Род совершенно сражен этой бабулиной просьбой, этим требованием дать сигарету. Он мудро напускает на себя безразличие, на грубом неправильном лице — нечто вроде полубессознательного равнодушия. Мать принимается убирать со стола и замечает, что ей-то всегда казалось, будто бабуля считает курение — это для тех еще женщин, а бабуля отвечает, что мать сделает ей большое одолжение, если перестанет дерзить, она вообще тут из милости вместе с сыночком своим, которому не помешало бы рот захлопнуть, пока весь не обслюнявился, жалкий тупица, осел, а не ребенок.
Дедушкино лицо сереет, и Род мгновенно осознает: бабуля, прежде разрешавшая дедушке покупать пачку сигарет через день, бабуля, о да, она теперь предлагает сигареты поделить, хочет присвоить себе, забрать их у дедушки, да, лишить его кусочка маленькой радости. Курение, как-то сказал дедушка Роду, единственное, что дедушка делает сам для себя.
Дедушка бледнеет еще больше, и Род, быстро покосившись на бабулю, видит: она знает, о чем думает дедушка, ибо слегка улыбается. Мать, поджав губы, убирает со стола. Чайник на плите, на столе — щербатая тарелка с миндальным печеньем, воскресная пытка. Не считая позвякивания и стука посуды, воздух в кухне вибрирует таинственно и беззвучно. Мать разливает чай и садится.
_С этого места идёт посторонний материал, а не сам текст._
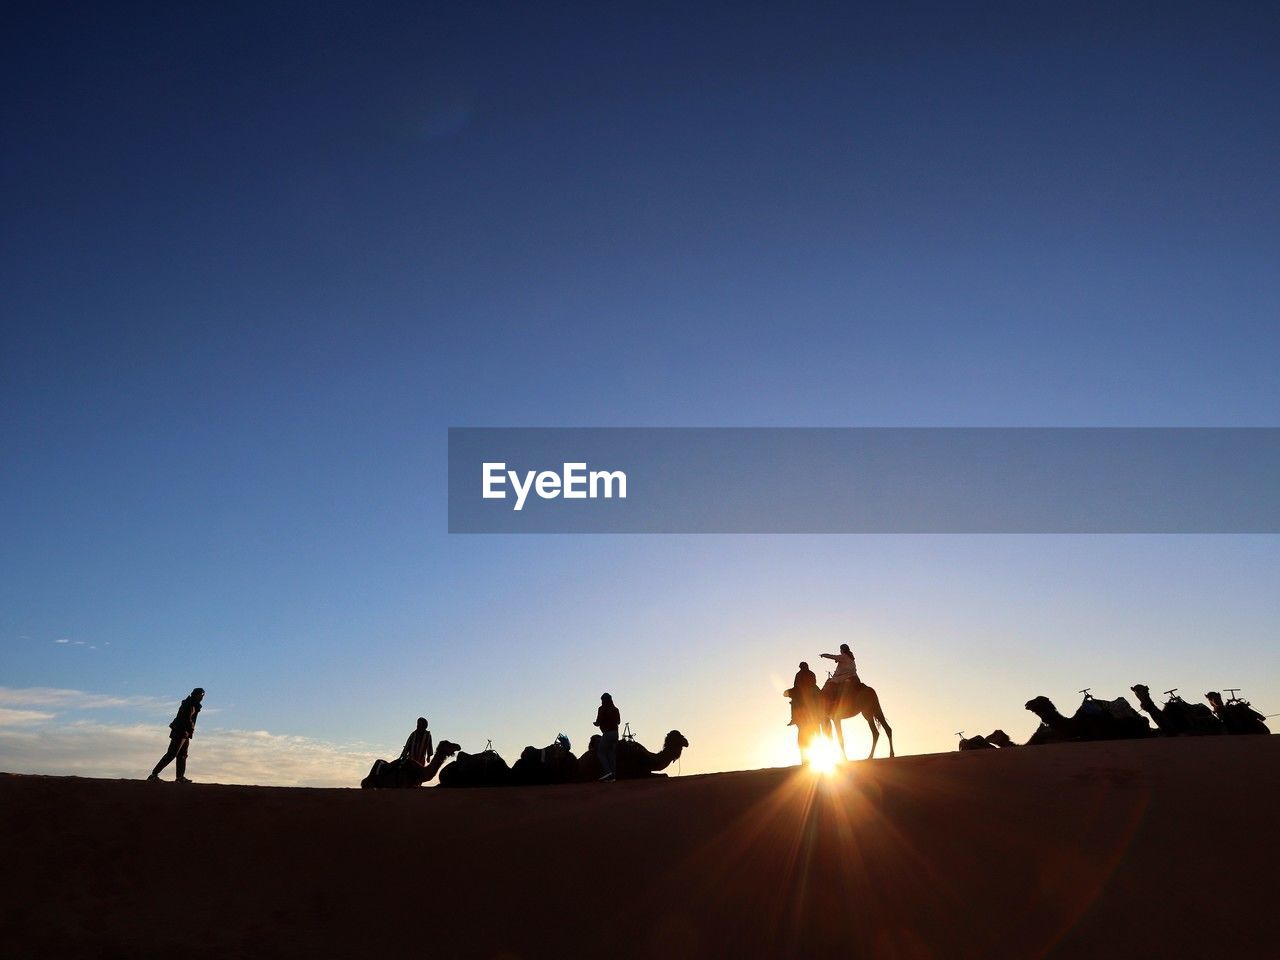 sky, horizon, silhouette, nature, natural environment, group of people, land, camel, desert, mammal, landscape, animal, copy space, animal themes, sunlight, blue, adult, clear sky, domestic animals, sunset, men, travel, scenics - nature, environment, group of animals, sun, beauty in nature, walking, leisure activity, animal wildlife, sand, outdoors, sand dune, travel destinations, activity, erg, group, motion, riding, lifestyles, dusk, medium group of people, adventure, working animal, togetherness

Все по-прежнему безмолвствуют. Затем дедушка сует руку в нагрудный карман, достает «Лаки-Страйки» и вытряхивает на ладонь окурок. С мрачным видом приподымается, наклоняется через стол и кладет недокуренный бычок возле бабулиной чашки с блюдцем. Мать глядит в окно. Лицо Рода — воплощение тупости. Он физически ощущает накал бабулиной ярости и ее потрясение, а бросив на нее рассеянный взгляд, видит подлинный оскал смерти. Дедушка любезно кладет рядом с окурком спичечный коробок. Пусть она будет поосторожнее, говорит он, ей ведь хорошо известно: от окурков случается самый страшный кашель. Ужасный! Дедушка опять слегка порозовел.
Роду хочется вскочить и закричать, засмеяться и заплакать. Ему хочется заорать на бабулю в минуту ее унижения, теперь, когда мать покраснела и беспомощно смутилась, совсем ощутимого.
Но Род сидит молча, челюсть отвисла, взгляд идиота. Ничего не замечает. Тупица. Дедушка закуривает. Чрезвычайно тщательно.
Четырнадцать
Неделя бессвязных, раздраженных переговоров бабули с матерью, то и дело всплывает имя отца, и наконец Роду сообщают, что отец в ближайшую субботу намерен с ним погулять.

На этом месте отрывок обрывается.